這件事,就這麼草草兩句就帶過了,等歸離和周簡去了書房,白歡喜才把這件事的原原本本,告訴了秦孟媛。
秦孟媛聽完倒是瞪大了眼睛,沒想到這些日子,居然有了這一出。
“上次蘇府就來信了,說是
景然已經好些日子不給家裡寫信了,還怕出什麼事呢,原來就這事。這丫頭,也太投入了,以前隔不了幾天就給家裡一封信,現在倒好,都一月有餘了,也不見去信。 ”
想必是蘇府給歸離來信了,秦孟媛知道了,更是不敢怠慢,一開始她總是覺得蘇景然貪玩,畢竟她還是個孩子,而且有王府護著,不能出什麼事,自己也在京都,有什麼事兒,必定有信,所以不著急,誰曾想,半路殺出個桃花來,而且桃花來的特別快。
白歡喜聽著秦孟媛帶點抱怨的話,也只能哼哼哈哈的回著,這件事,怎麼說都是自己有錯,要是那個爛計劃,沒這檔子破事。
“吳巖靠譜嗎?我總覺得,事情沒那麼簡單,他和羅水雲的關係能這麼快,說斷就斷嗎?如果一個男人,能把這麼多年的感情,如此乾脆的就斷掉,說明有多狠心?不知為何,我的感覺很不好,這也會是景然的一朵爛桃花。”
秦孟媛和蘇景然的關係,有了歸離這一層,那自然地心親近,何況蘇景然那張嘴,多甜啊。秦孟媛擔著蘇景然嫂子的角色,很是擔心蘇景然。
白歡喜也是這種擔心啊,只是這時她不能和秦孟媛一樣,要是兩個都如此悲情,那今天午飯都不用吃了,一起悲傷好了。
白歡喜學著周簡,開始從另一個角度看問題。
“也許,是吳巖這個人比較乾脆吧,和前緣一刀兩斷,總比斷斷續續的要來的好,有句話說,長痛不如短痛。”

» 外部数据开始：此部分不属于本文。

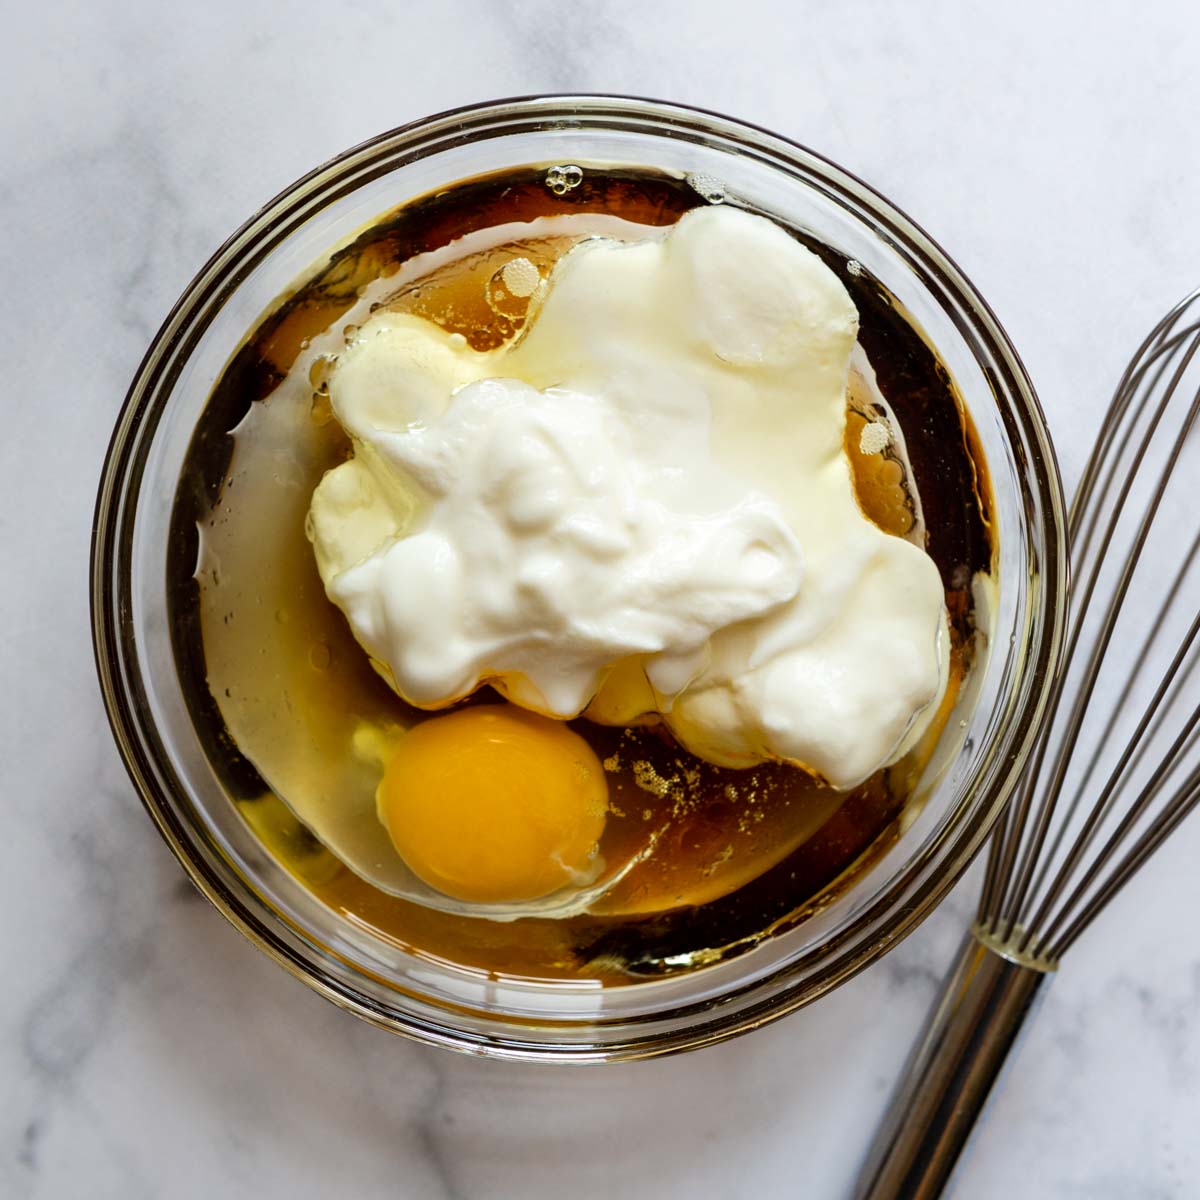 egg, yogurt, oil, and honey in a bowl.
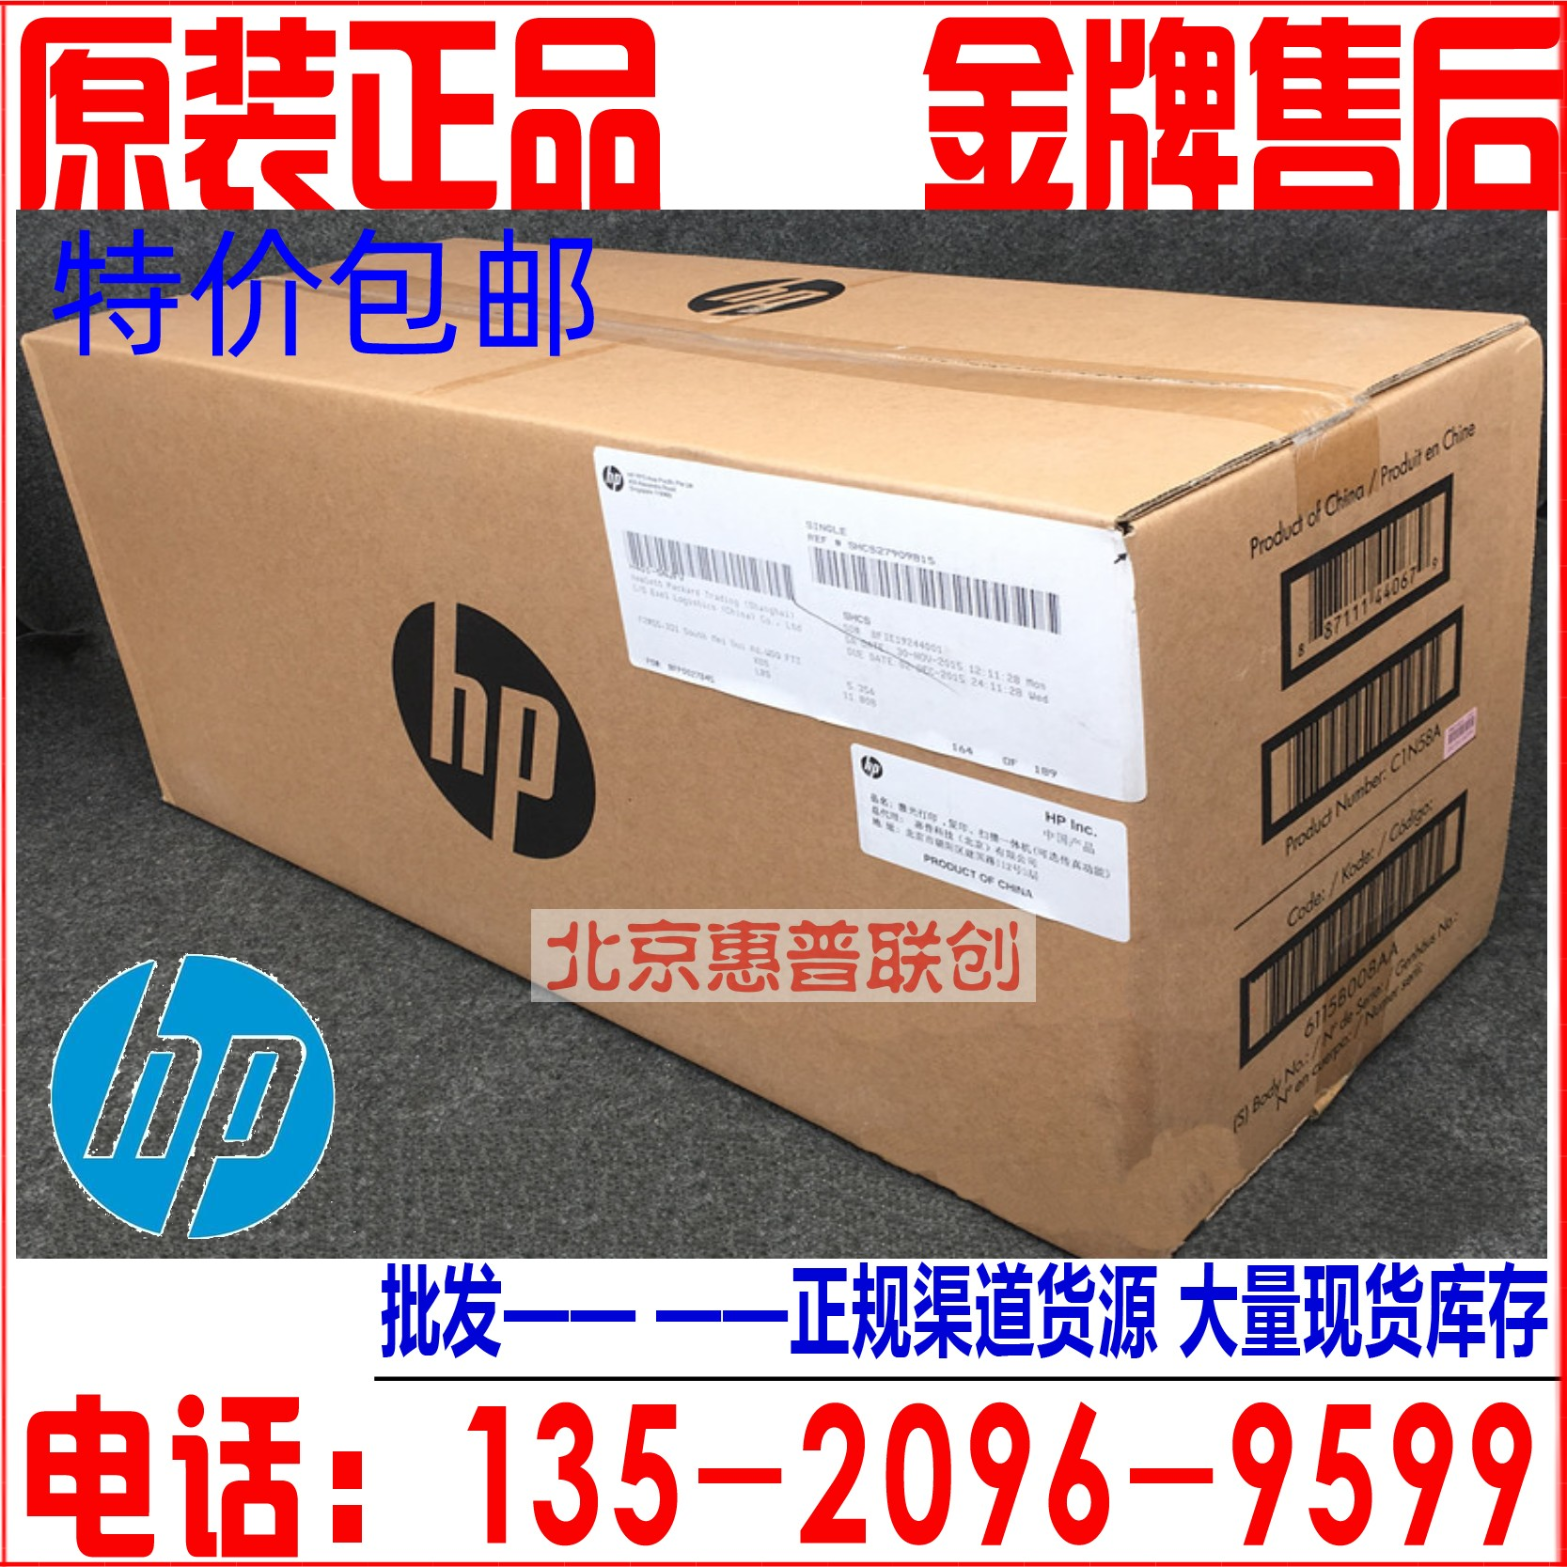 HP806 830加热组件定影器 RM1-9814 CF367-67906 RM1-9713 C2H57A

秦孟媛有些莫名其妙的看了白歡喜一眼,“難道你覺得一個男人,拋棄了多年的感情,愛上了一個只認識一月有餘的女人,很光彩?”
“額……”白歡喜不知道該用什麼話來反駁,秦孟媛說的很現實,也很事實。
秦孟媛沒在繼續這個話題,只是讓白歡喜帶著自己去看看蘇景然。
還是那個小涼亭裡,蘇景然和吳巖頭碰頭的不知道在幹什麼,白歡喜和秦孟媛站在羅水雲曾經站過的地方。
白歡喜站在秦孟媛身側,看著秦孟媛注視著遠方涼亭裡的一切,白歡喜不會說,她已經在這裡無數次看過這一幕了,每次都是唉聲嘆氣的走。
“她們倆,是不是一直都這樣啊!”
事實上,白歡喜不說,秦孟媛也會問。
“是啊,她們經常這樣,熱戀中嘛,難免的,我們都懂。”
“我可沒有這樣。”
白歡喜“……”我好像也沒有,我那時候都和周簡是合法夫妻了啊喂。
秦孟媛一步一個腳印,大膽的走向前方,白歡喜跟在後頭。
“你們倆這是在看什麼呢?給我看看好嗎?”
秦孟媛進了涼亭,裡面的人,似乎都沒有察覺,還是保持原有的姿勢。在秦孟媛講話後,似乎是被嚇了一跳,尤其是蘇景然表現的明顯,似乎有些害怕,還往吳巖的懷裡鑽了鑽,白歡喜已經無語了。
“嫂子,您怎麼來了?”蘇景然在片刻之
後,才說道。
白歡喜只覺得,這個聲音好作,和以前的那種甜甜軟軟的聲音,截然不同。
“我來看看,未來的妹夫。”秦孟媛已經坐下了,說最後四個字的時候,可以咬著音,並且看著吳巖。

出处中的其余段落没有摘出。